For overweight women, not getting enough sleep may lead to a vicious cycle: heavy women are more likely to be sleep deprived, the stress hormone cortisol is released in higher quantities in people who don’t sleep enough, and more cortisol leads to a bigger appetite.

What? Sleep cycles

The two basic types of sleep are REM (rapid eye movement) and the deeper NREM (non-REM). These alternate through the night. NREM sleep, which tends to dominate at first, weeds out and removes unnecessary neural connections, and the later REM sleep strengthens the remaining connections. During the deep stages of NREM sleep, the body repairs and regrows tissue, builds bone and muscle, and strengthens the immune system. You can have intense dreams during REM sleep since your brain is more active. A good night’s sleep has five NREM-REM cycles.
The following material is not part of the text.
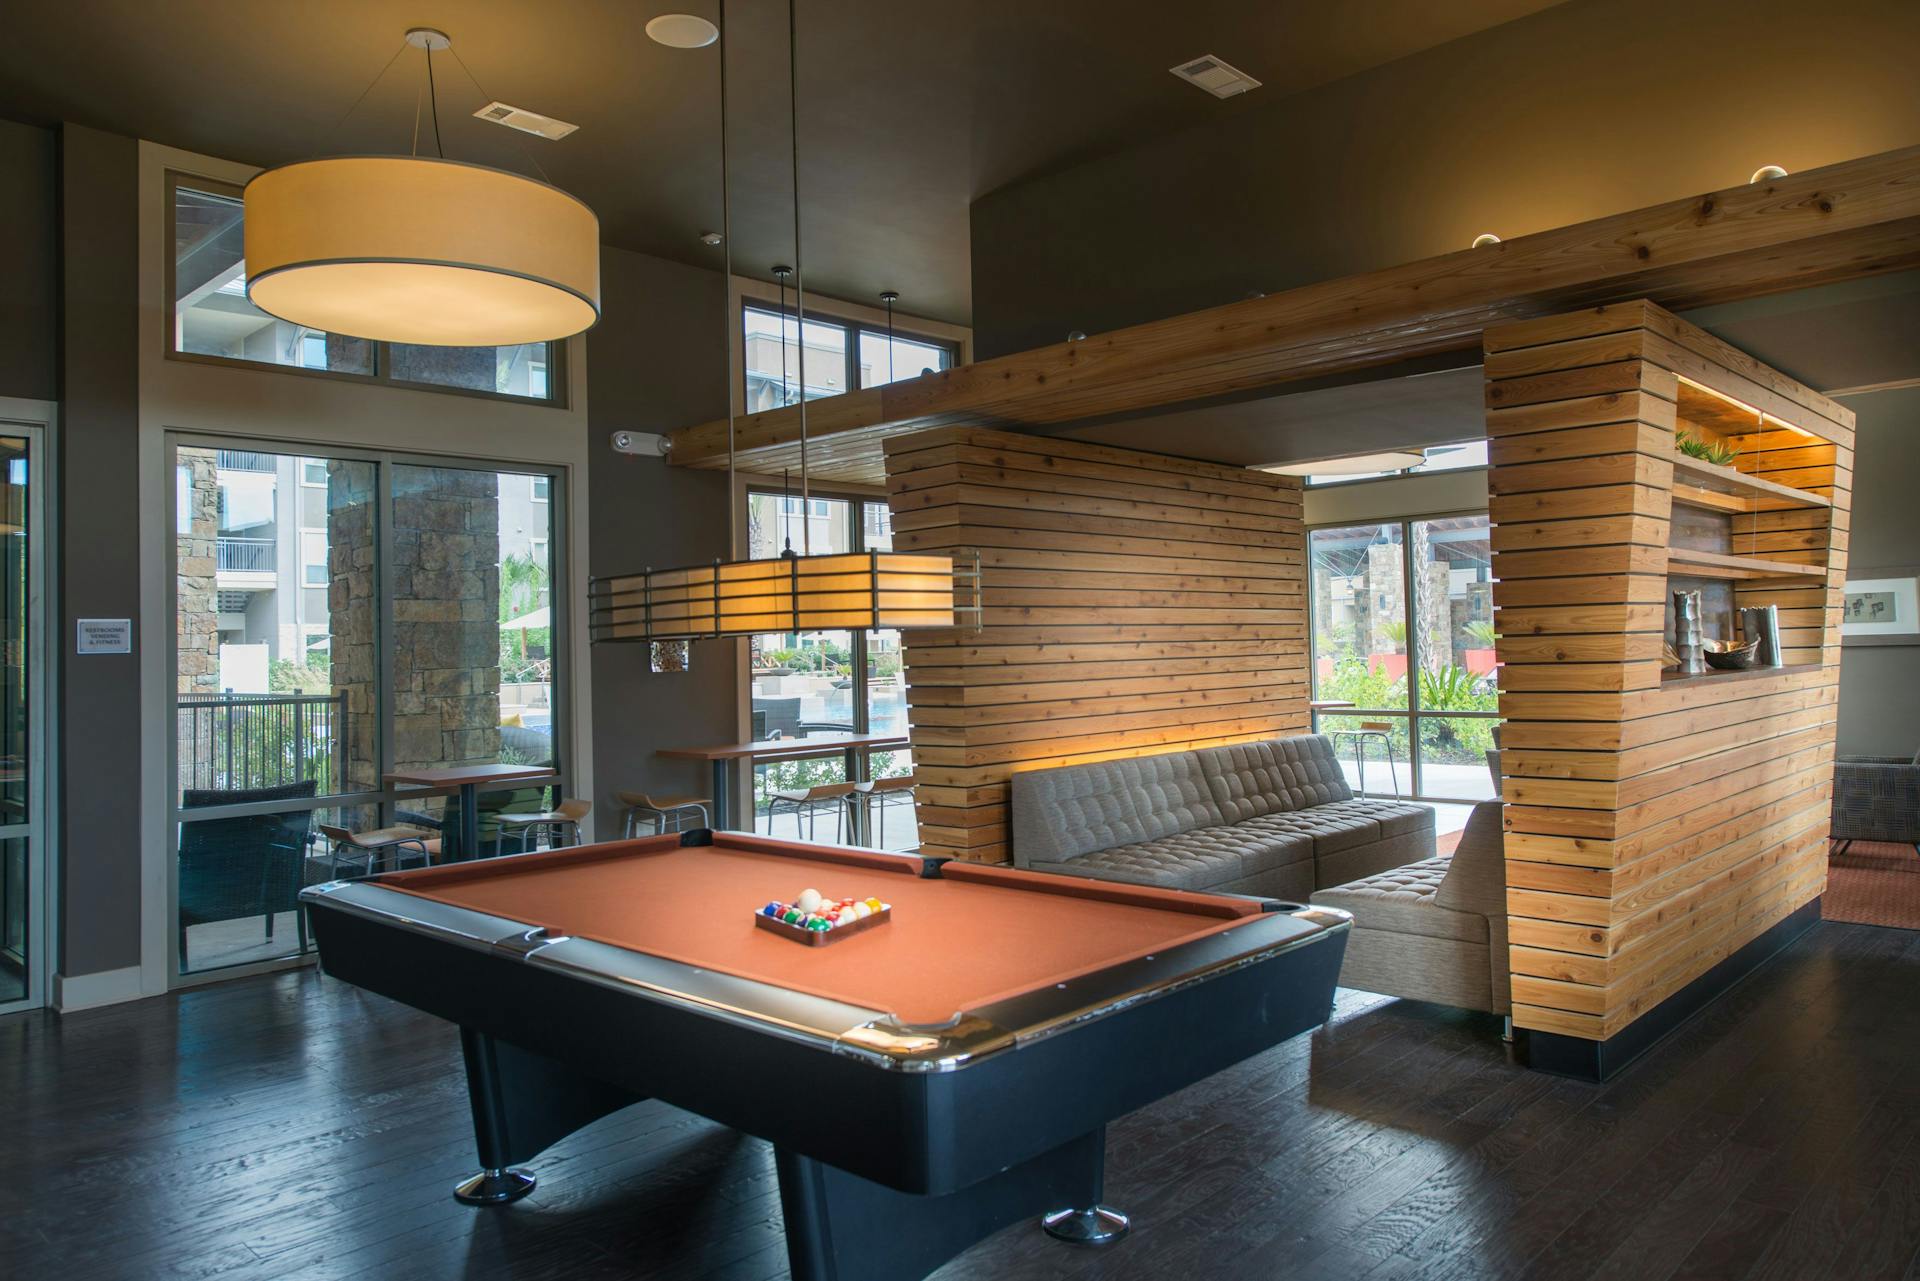 Community lounge with pool table
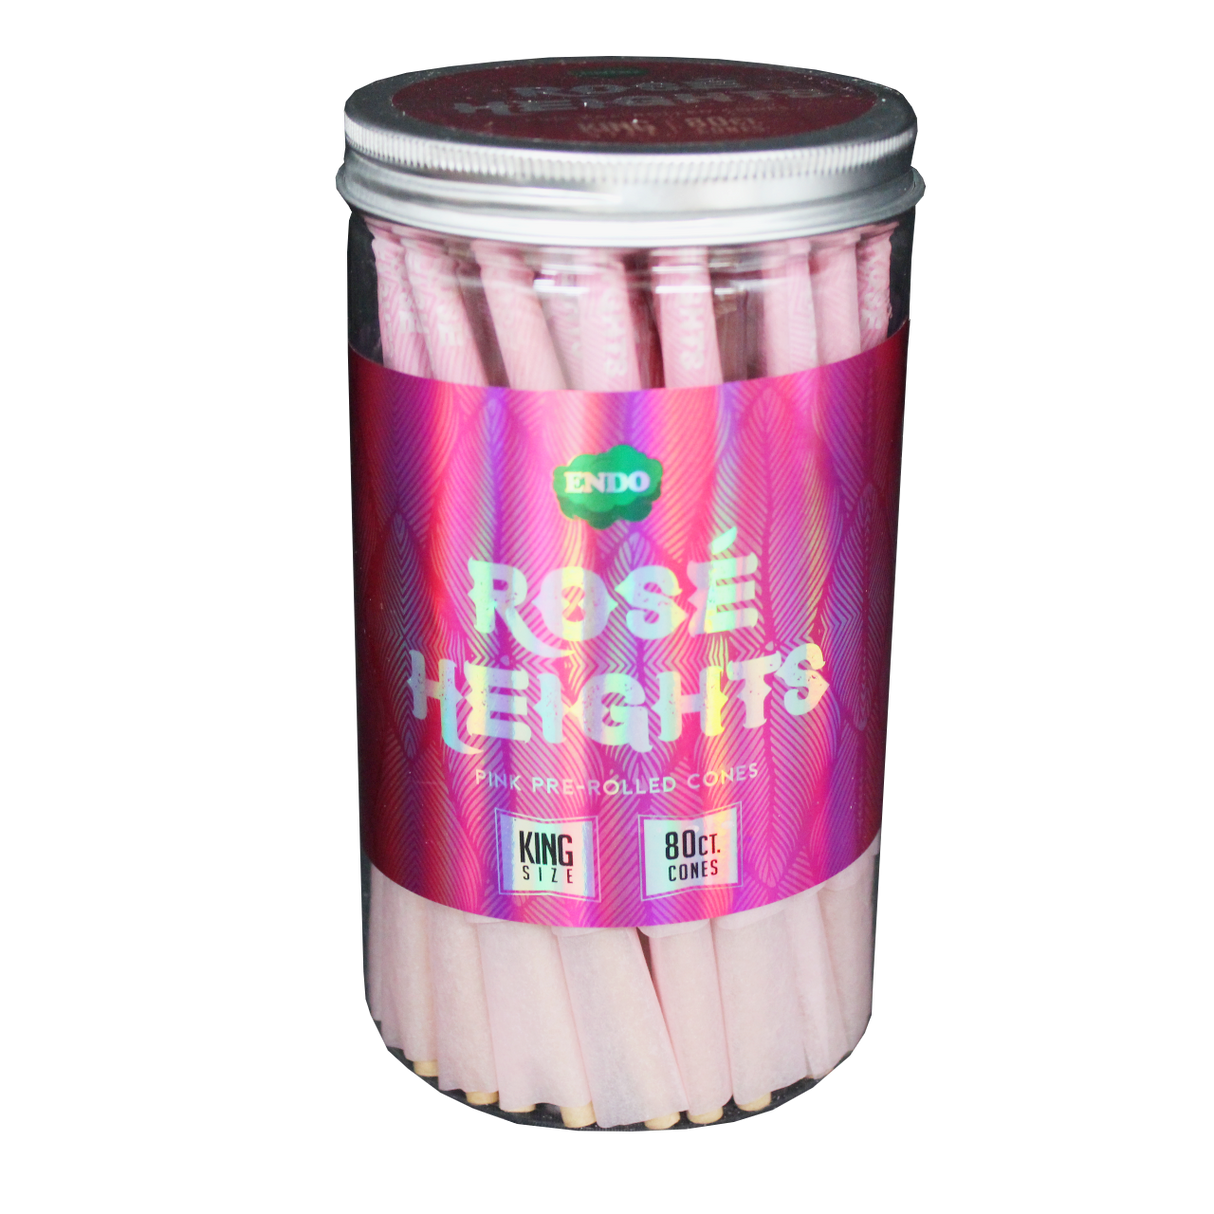 Endo Rose Heights Pink Cones

When? The second half of your cycle

If you’re battling with sleep issues, note that you need more sleep during the second half of your menstrual cycle – that is, the two weeks before your period starts. And, irksomely, this may be harder to achieve, as at this time of the month some women either produce less of the sleep-inducing hormone melatonin or simply become less sensitive to it.

How? Prepare for sleep

If you aren’t one of those lucky individuals who drift off as soon as their heads hit the pillows, here are a few tips for a good night’s sleep.

  • Switch off all electronic devices and dim the lights a couple of hours before bedtime.
  • Have a warm shower.
  • Do some relaxation exercises.
  • Have a good-quality mattress and cool bedding.